Molecular Design of Novel Herbicide and Insecticide Seed Compounds with Machine Learning

ACS Omega. 2024 Apr 9;9(16):18488-18494. doi: 10.1021/acsomega.4c00655. eCollection 2024 Apr 23.

Abstract

Pesticides are widely used to improve crop productivity by eliminating weeds and pests. Conventional pesticide development involves synthesizing compounds, testing their activities, and studying their effects on the ecosystem. However, as pesticide discovery has an extremely low success rate, many compounds must be synthesized and tested. To overcome the high human, financial, and time costs of this process, machine learning is attracting increasing attention.
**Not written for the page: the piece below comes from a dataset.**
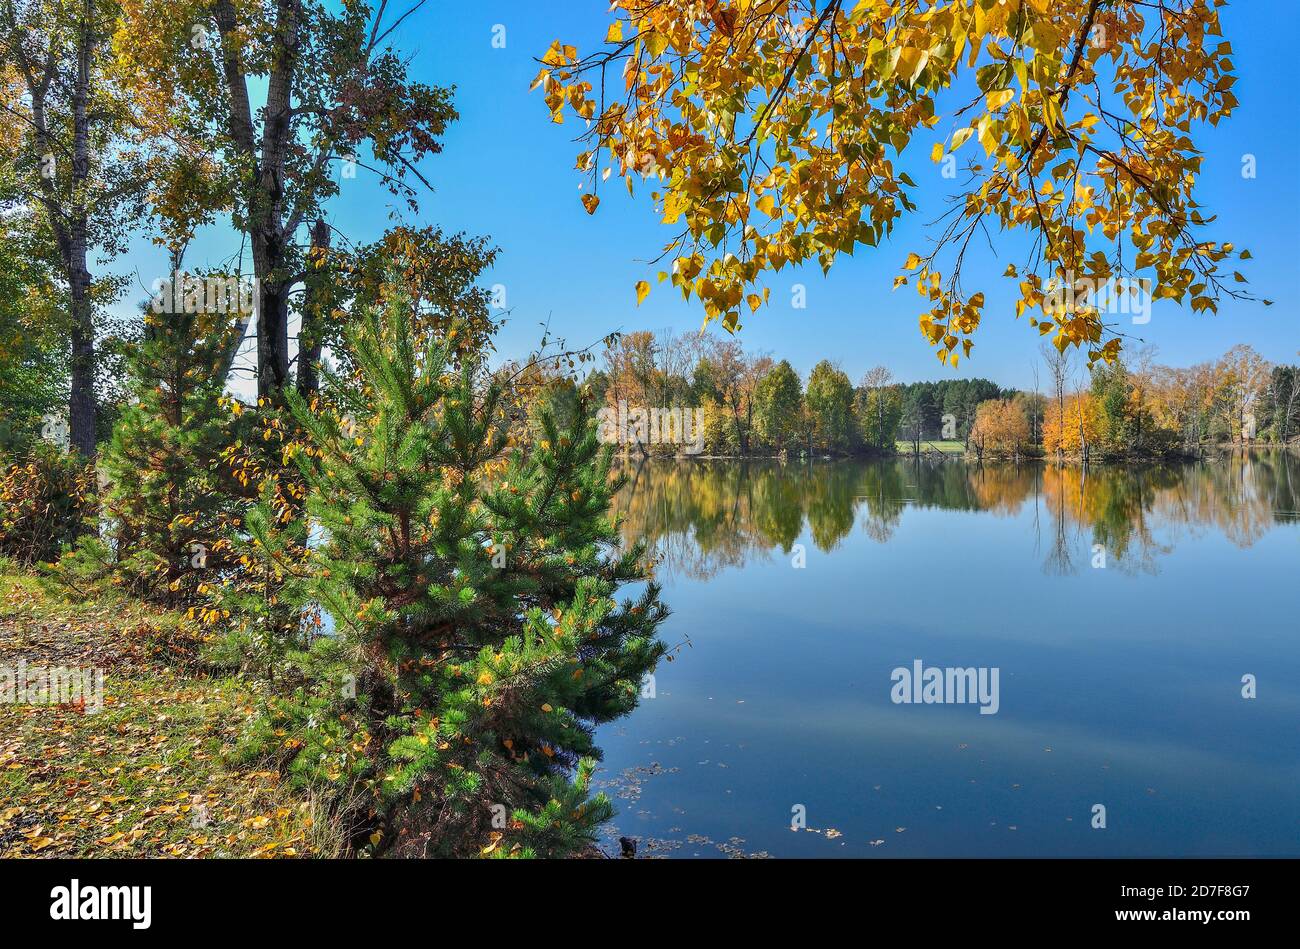 Feuillage doré d'arbres d'automne et de spruces verts autour de la lac reflété dans l'eau bleue - paysage pittoresque d'automne à temps chaud et ensoleillé de septembre Banque D'Images

In this study, we used machine learning for the molecular design of novel seed compounds for herbicides and insecticides. Classification models were constructed by using compounds that had been tested as herbicides and insecticides, and an inverse analysis of the constructed models was conducted. In the molecular design of herbicides, we proposed 186 new samples as herbicides using ensemble learning and a method for expressing explanatory variables that consider the relationships among eight weed species. For the molecular design of insecticides, we used undersampling and ensemble learning for the analysis of unbalanced data. Based on approximately 340,000 compounds, 12 potential insecticides were proposed, of which 2 exhibited actual activity when tested. These results demonstrate the potential of the developed machine-learning method for rapidly identifying novel herbicides and insecticides.